Побеседовав с ним вдвоем за столом (честь, невероятная в условиях нашей перенаселенной камеры), Виктор подозвал к столу третьего собеседника. Меня.

— Михаил, вот человек воевал. Может, общих знакомых найдете?

— В какой армии воевали? — спрашиваю.

— В тринадцатой.

— У Пухова?

— Да, у Николая Павловича.

— Членом Военного совета у вас Боков был?

— Генерал-лейтенант Боков...

— Начштаба—как же его на Ма... нет, не Малиновский, как-то похоже.

— Генерал Маландин. Вы тоже из тринадцатой?!

— Нет. Я в юности помогал писать мемуары генерал-лейтенанту Попелю, Пухов бью его «кадром», его выдвиженцем. Он про него много рассказывал. А с Боковым я даже знаком.

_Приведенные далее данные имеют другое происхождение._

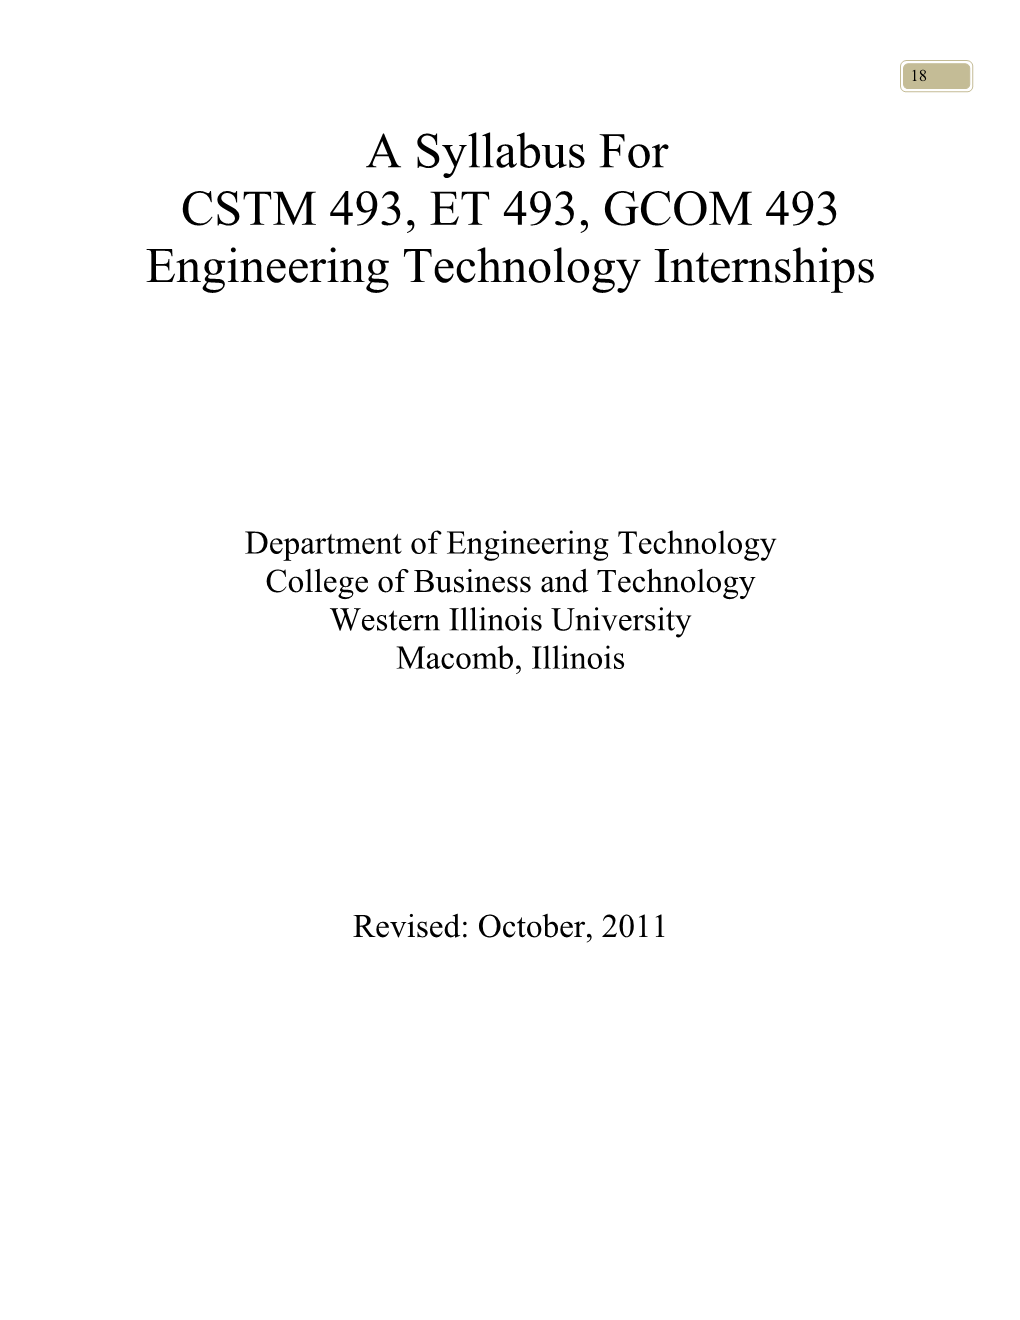 CSTM 493, ET 493, GCOM 493 Engineering Technology Internships

— Что за человек! — восхищается, умиляется, негодует Виктор Нефедов. — Ты же мог его спокойно обмануть, что вместе служили, и делай потом с ним в камере, что хошь! Что ты за человек, Михаил...

 

- 172 -

Новичок, как выяснилось, был могучим строительным боссом. Из тех, что наживались на обмане Бориса Цимбала (из первой части книги, так что сюжет у меня оказался замкнут кольцом). Впервые я наблюдал совсем вблизи крупного дельца советской «теневой экономики». Кто он был по национальности — не знаю, подозреваю, украинцем: в разговорном его репертуаре преобладали украинские комические истории, при этом всегда переходил на неподдельный украинский язык, с певучим горловьм акцентом. Во всяком случае, украинский был для него близким языком... Каково социальное происхождение — тоже не знаю, но, видимо, из так называемых «бывших» — не то дворян , не то священников, не то репрессированных интеллигентов: похоже, всю жизнь скрывался от властей... Потому-то все, включая фамилию и прочие анкетные данные, звучали у него «неразборчиво». Суть его дела не связана в нелегальным бизнесом или со знаменитыми «приписками», что вроде бы полагалось ему по сюжету. Обвинили его в... получении пенсии по фальшивым документам. Дескать, при наступлении пенсионного возраста у него не хватило рабочего стажа, и тогда он изготовил требуемые справки с прошлых мест работы. В камере уверял меня, что на самом деле работал, но не сохранили сведения в официальных архивных документах, так что он «только восстановил своими фальшивками историческую истину»... Темнил, конечно. Возможно, однако, что работал он в ГУЛАГе на «придурочьей должности» — там можно было прокантоваться во время срока и даже что-то заработать, но, конечно, в стаж на пенсию эти годы работы ему не засчитали. Вот он и...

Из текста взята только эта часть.